They may be far from East Asia, but Central America and the Caribbean have become important battlegrounds as Taiwan tries to stave off further international isolation. The regions occupy a disproportionately large place in Taiwan’s foreign relations, home to 13 of its 32 technical missions, and 10 of its 18 embassies—more than Asia and Africa combined. Yet in the past year, China has pulled away two of Taiwan’s oldest allies there, Panama and most recently the Dominican Republic, which severed its diplomatic ties to Taiwan this spring, enticed by some $3 billion in Chinese incentives, according to Taipei.
Panama’s decision last year to cut ties with Taiwan was motivated by access to Beijing’s huge global infrastructure program, the Belt and Road Initiative, which is designed to promote economic development and regional connectivity on China’s terms.
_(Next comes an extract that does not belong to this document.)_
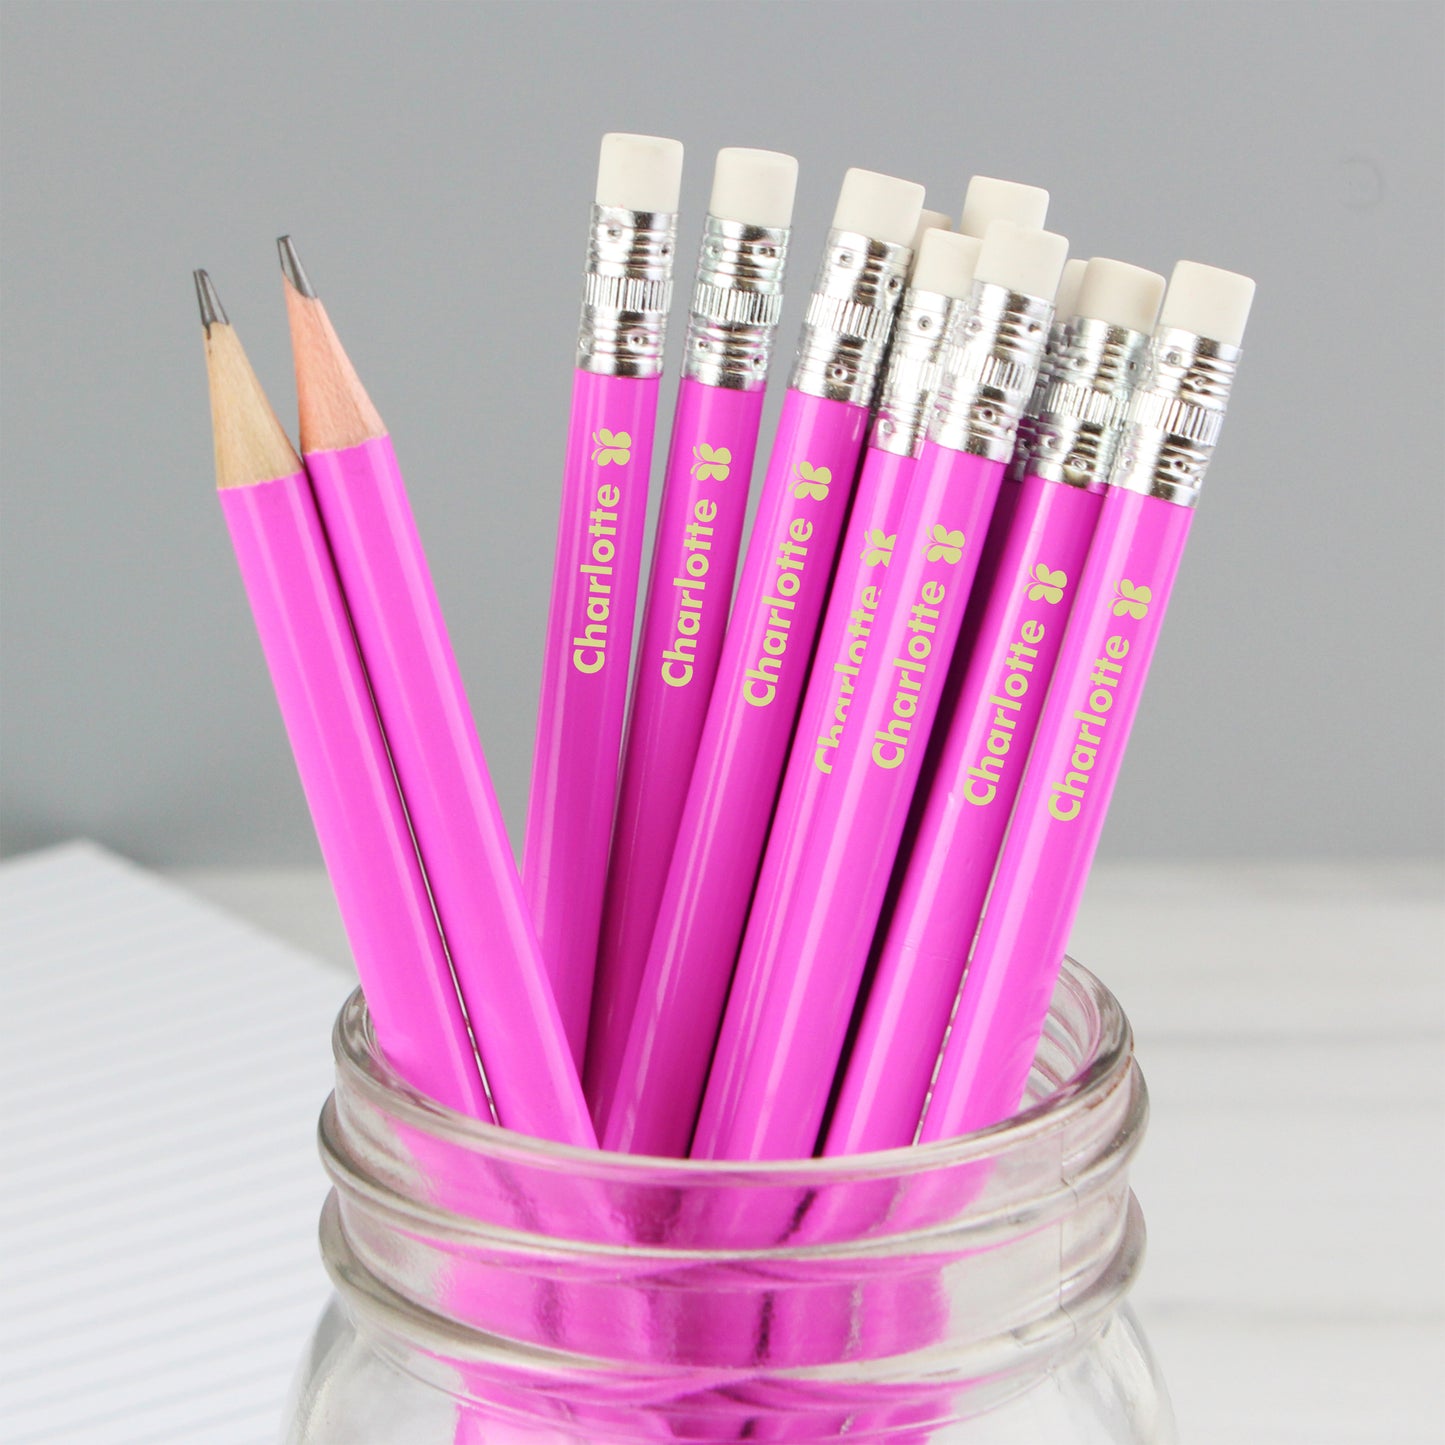 Personalised Butterfly Motif Pink Pencils - Personalise It!

At the time, Panamanian President Juan Carlos Varela called his country’s decision “a model for other countries [in the region] to follow.” The clarion call of Beijing is now tempting more of Taiwan’s friends in the Caribbean, among them Haiti, to which China pledged $5 billion for infrastructure development last year.
Though they may be small, developing island nations like Haiti, St. Lucia and St. Kitts and Nevis are in fact key to the viability of Taiwan’s foreign relations. The gears of Taiwan’s robust economy have less to do with formal diplomatic recognition and more with having its financial interests represented through trade offices abroad and relying on trading partners who adhere to the “One China” policy. But its dwindling diplomatic partners still provide a different currency: a voice willing to speak in favor of Taiwan’s participation in international organizations like the World Health Organization and the United Nations, as a counterweight of sorts to China.